The company management applied for Kurzarbeit, which involves the government offsetting wages lost when companies are forced to temporarily halt activities.

One of the countries most affected by the outbreak has been South Korea. Korean Air, the national airline of South Korea, one of the top 5 countries where all airlines have stopped their flights completely (others are China, Italy, Iran and Iraq), grounded 90 aircraft in its fleet, including 10 Airbus A380s. Korean Air expects that the flights will become normalized soon. If the situation persists for a longer period, the company`s senior management is concerned that they may reach the threshold where the airline cannot guarantee its survival. The airline runs its cargo operations with passenger aircraft to diversify cargo routes and reduce aircraft parking fees.

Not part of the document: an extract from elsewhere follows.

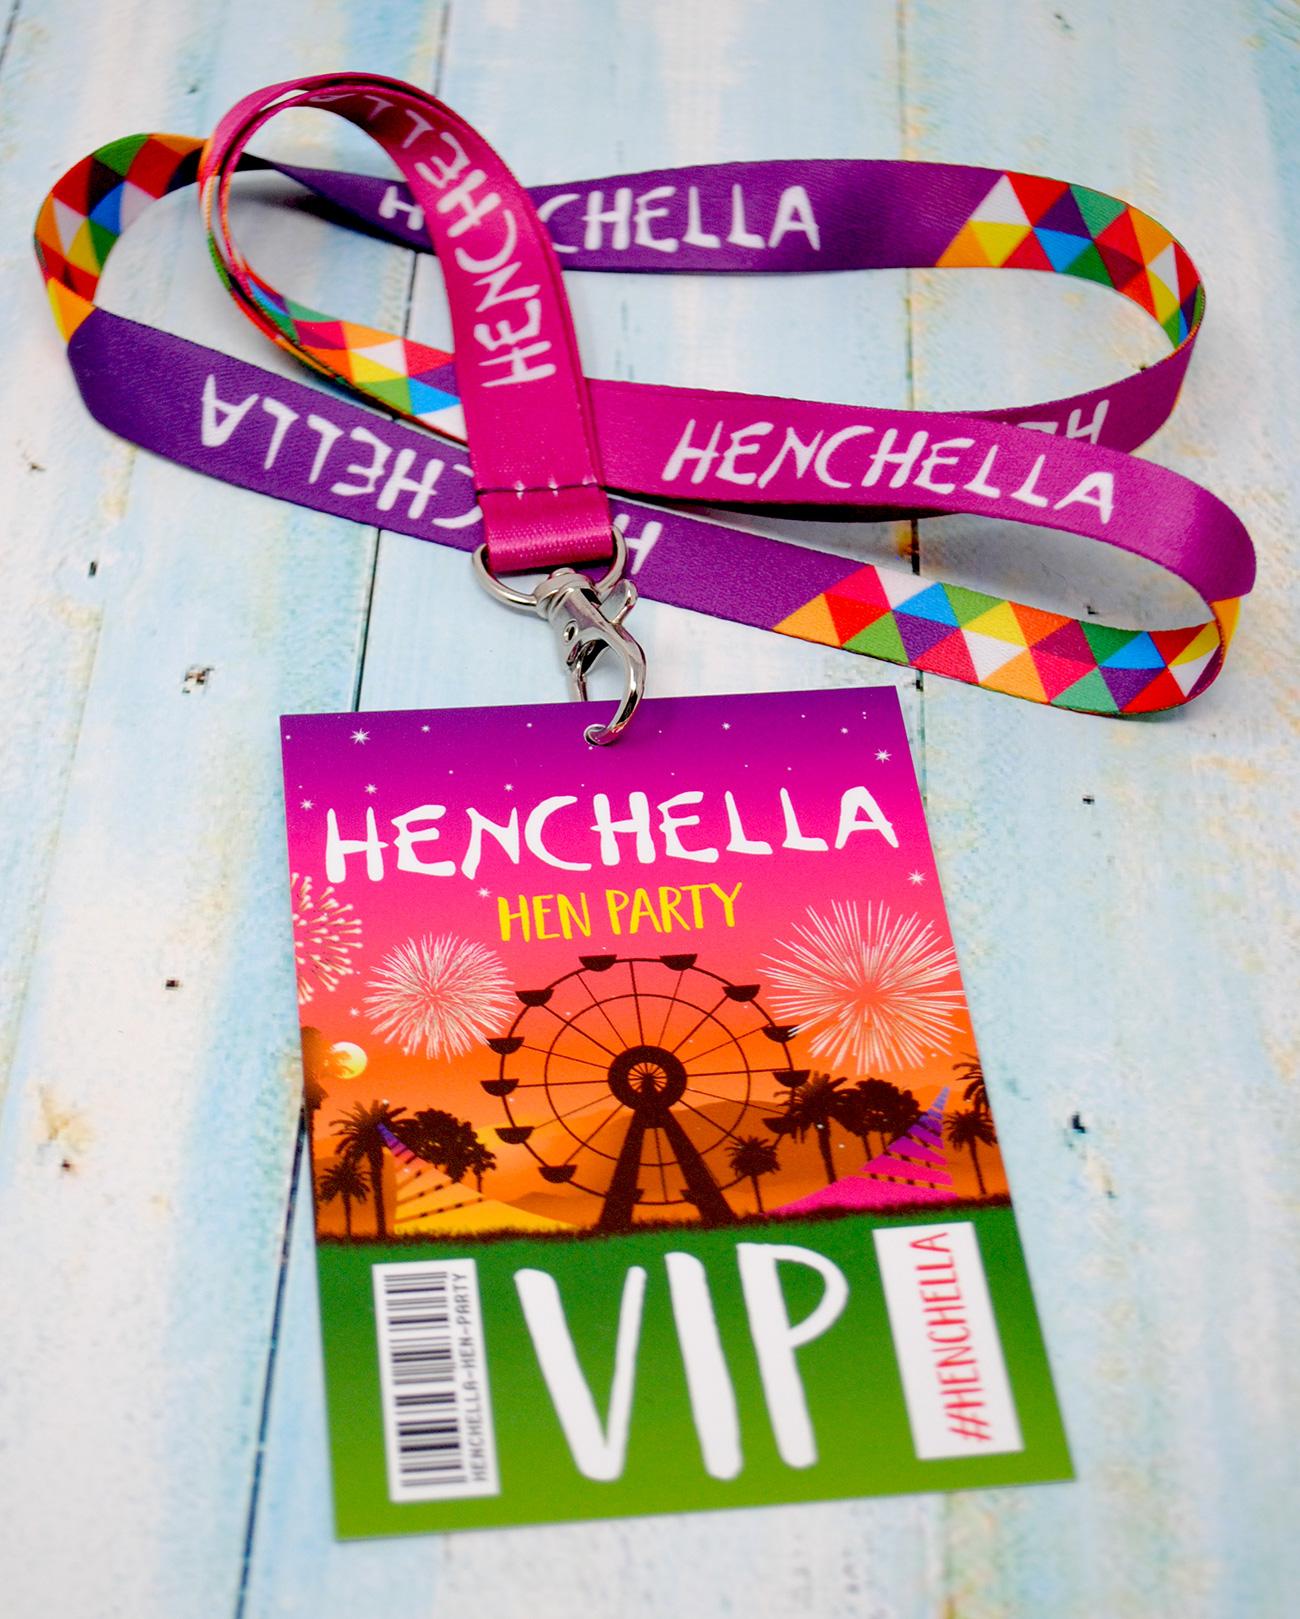 henchella festival hen party vip pass
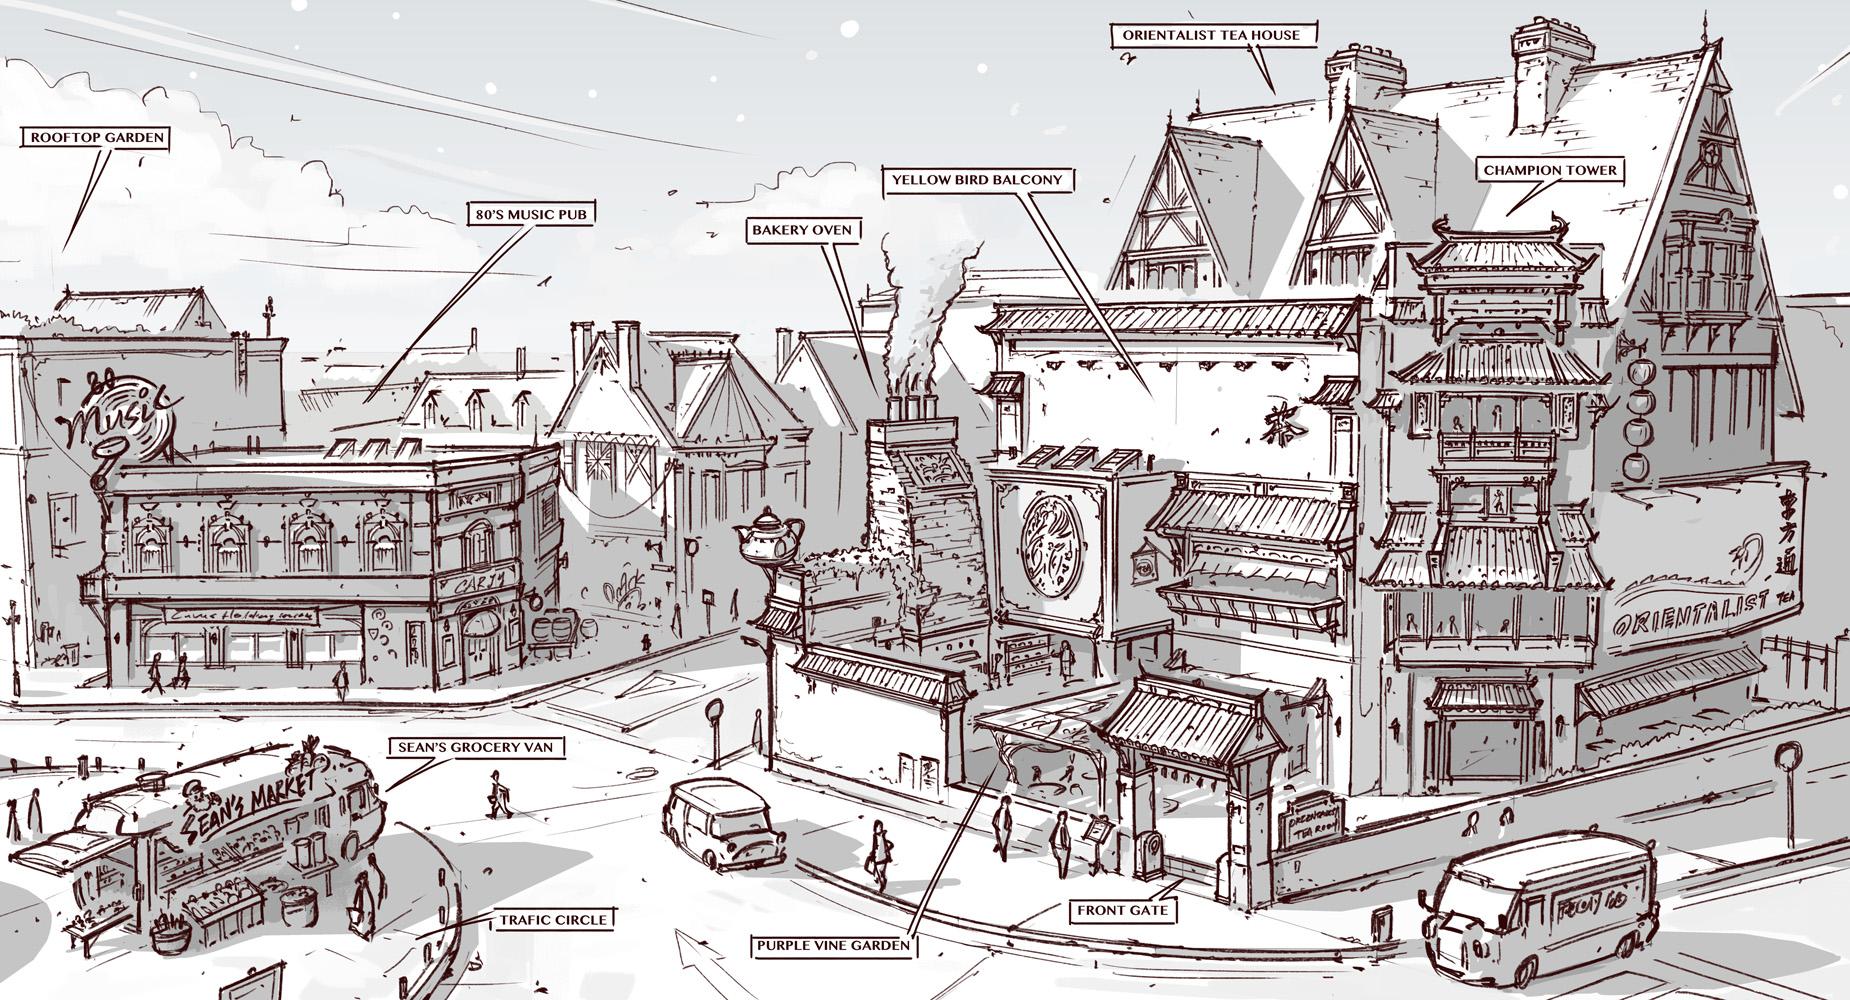 Town Design - Tearoom, music pub and vending van by alantsuei

LOT Polish Airlines, the national airline of Poland, announced in January that it will buy Condor Airlines prior to the outbreak spread in Europe. However, it is said that the outbreak will also negatively affect this acquisition and that the Polish Airline will withdraw from this process. The parties will come together for the last time and announce the final decision.

Airlines are taking additional supportive decisions other than canceling flights and grounding aircraft to proceed with less damage. For example, they are returning leased aircraft in their fleet even while the lease period was still active. In addition, projects for fleet renewal and aircraft retirement, which are planned to be realized in the long term, are being brought forward. For example, American Airlines will retire 16 Boeing 767s in its fleet by the end of May and 34 Boeing 757s in the fleet will be retired by the end of the 2021 summer season.

Irish-based budget airline Ryanair has decided to ground the majority of the 450 Boeing 737-800 aircraft in its fleet and largely suspend their flights.

The three global alliances - StarAlliance, SkyTeam and OneWorld – jointly called for government aid to support this extraordinary situation.

Air France-KLM Group has decided to reduce flight operations by 70-90% and ground all Boeing 747 and Airbus A380 aircraft in the fleet.

American Airlines suspended nearly all long-haul international flights after Trump`s flight ban decision.

The Singapore Airlines Group canceled 96% of its full capacity by the end of April. 138 of 147 aircraft in the Singapore Airlines and Silkair fleet have been grounded. Of the group`s low-cost brand Scoot, only 2 of the 49 planes are flying! Singapore Airlines canceled all Singapore-Istanbul flights in April 2020.

Singapore Changi Airport, which is one of the most important transfer centers, closed its doors to all transit passengers on Tuesday, March 24.

In line with the new decision taken by the UAE administration, the country`s 4 airlines, Emirates, Etihad, FlyDubai and Air Arabia have grounded all aircraft in their fleet and stopped all flights, including transit, for at least 2 weeks. It was the first time in the history of this country!

Australia`s flagship carrier, Qantas, have attempted to "survive" like all airlines because of the negative impact of the Covid-19 outbreak on the global economy.  The airline postponed the decisions to be announced for the "Sunrise Project" until the end of March 2020 and 12 orders planned for the Airbus A350-1000 for the project.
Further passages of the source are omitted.